Incineration offers the following potential advantages:
- Volume reduction
- Detoxification
- Environmental impact mitigation
- Regulatory compliance
- Energy recovery
- Stabilization in landfills
- Detoxification and sterilization
It’s essential to understand that only substances that can burn will undergo incineration. Non-combustible materials will end up as either ash or flue gas, depending on their boiling points.
- Municipal solid waste (MSW)
- Industrial waste
- Medical waste
- Animal carcasses and animal waste
- Hazardous waste
- Food waste
- Glass
- Metal
- Sand
- Stones
- Concrete and Bricks
Sizing an Incinerator
Different waste types will also burn at different rates, and thus affect the actual incinerator throughput. This is an important consideration to keep in mind when sizing an incinerator. When trying to determine the required incinerator size, we usually work backwards by determining:
- How much waste will be produced per month?

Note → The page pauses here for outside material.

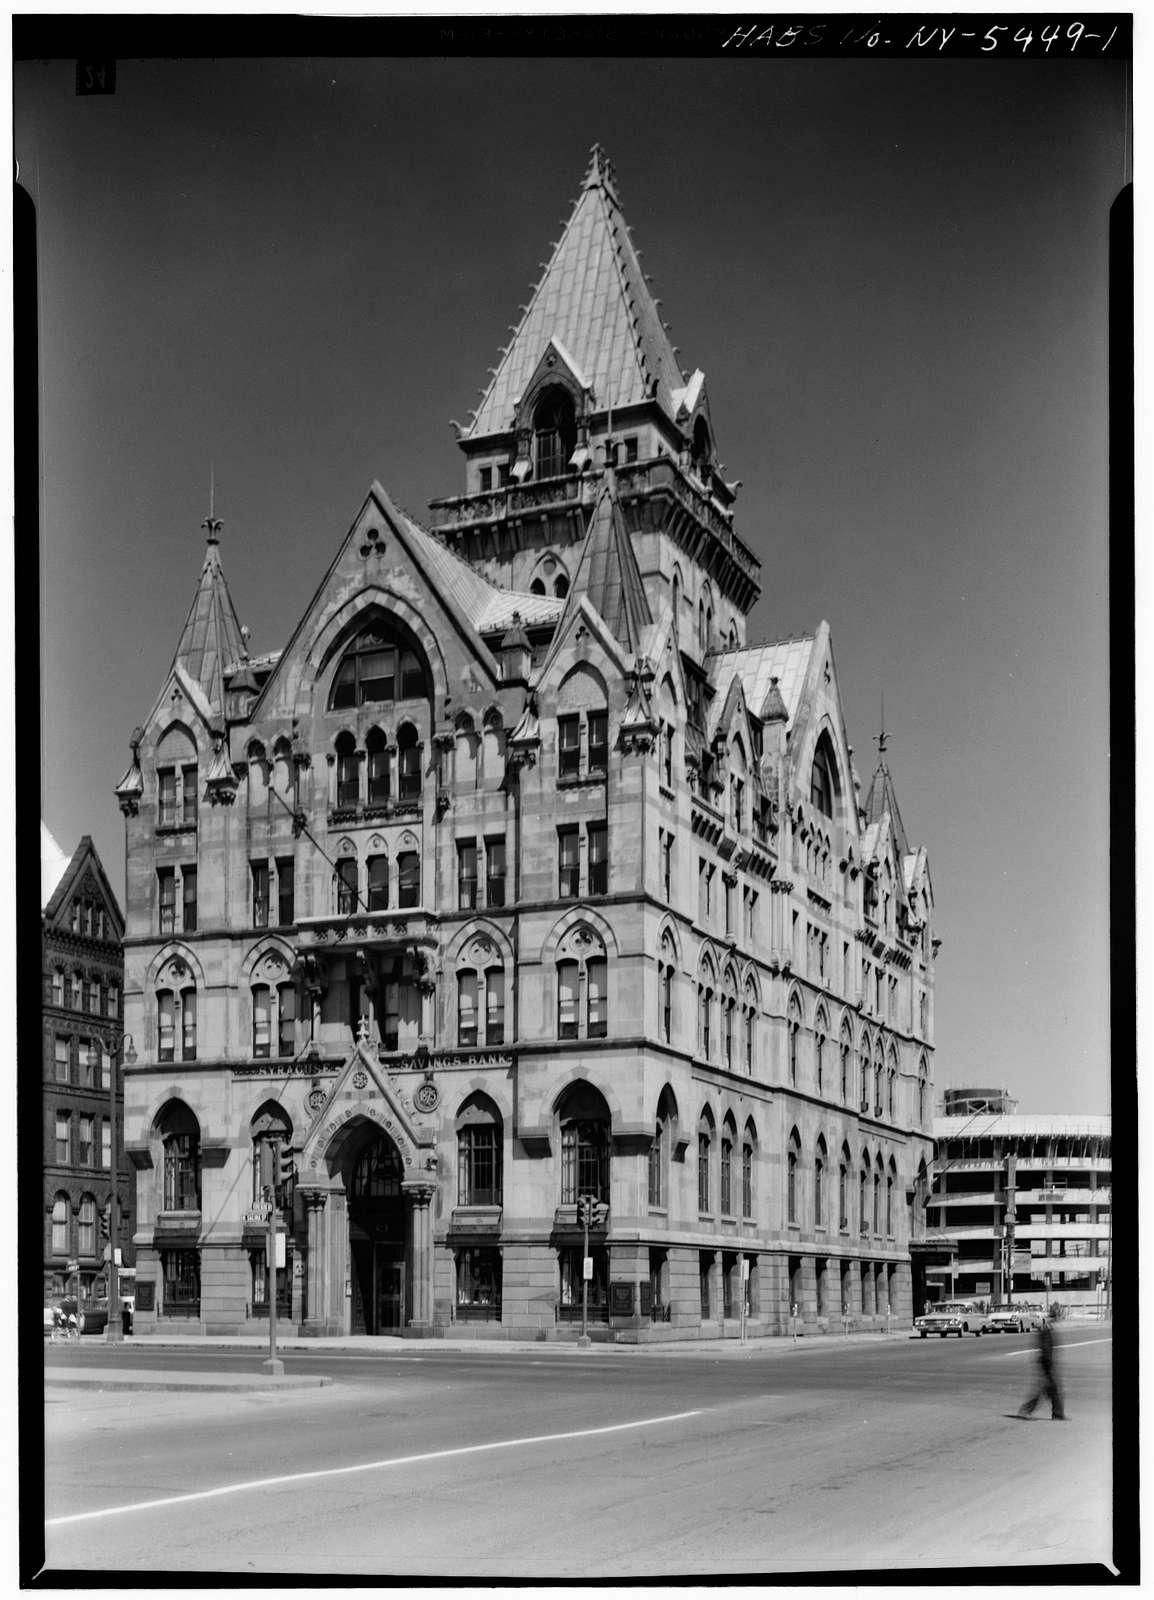 Syracuse Savings Bank, 102 North Salina Street, Syracuse, Onondaga County, NY

- What is the composition of this waste?
- How many days per week, and hours per day, will we be operating?
- What is the altitude of the site?
After determining the above, we can work out the incinerator throughput requirement, by considering the rate at which different waste will burn. The factors that influence this are:
- Nett calorific value (CV) of the waste
- Moisture content of the waste
- Density of the waste
- How the waste is packaged
Incinerator Air Pollution Control
Incinerator emissions has become a major issue around the world. We incorporate several technologies to reduce emissions on all our incinerators, but depending on your location and waste being incinerated, more advanced Air Pollution Control might be required, such as:
- Wet Scrubbing
- Dry Gas Scrubbing – Absorption (for acid gasses) & Adsorption (for heavy metals and Dioxins)
- Bag Filtration
- Ceramic Filtration
Other Considerations
- Where will waste be stored before incineration?
- How will waste be moved from storage to the incinerator?
- Will a shredder be required?
- Is a manual or auto feeder required?
- What auxiliary fuel will be used, LFO (diesel), LPG, Natural Gas, or Dual fuels?
- Is there a requirement to burn waste oil?
- What is the plantroom ventilation requirement?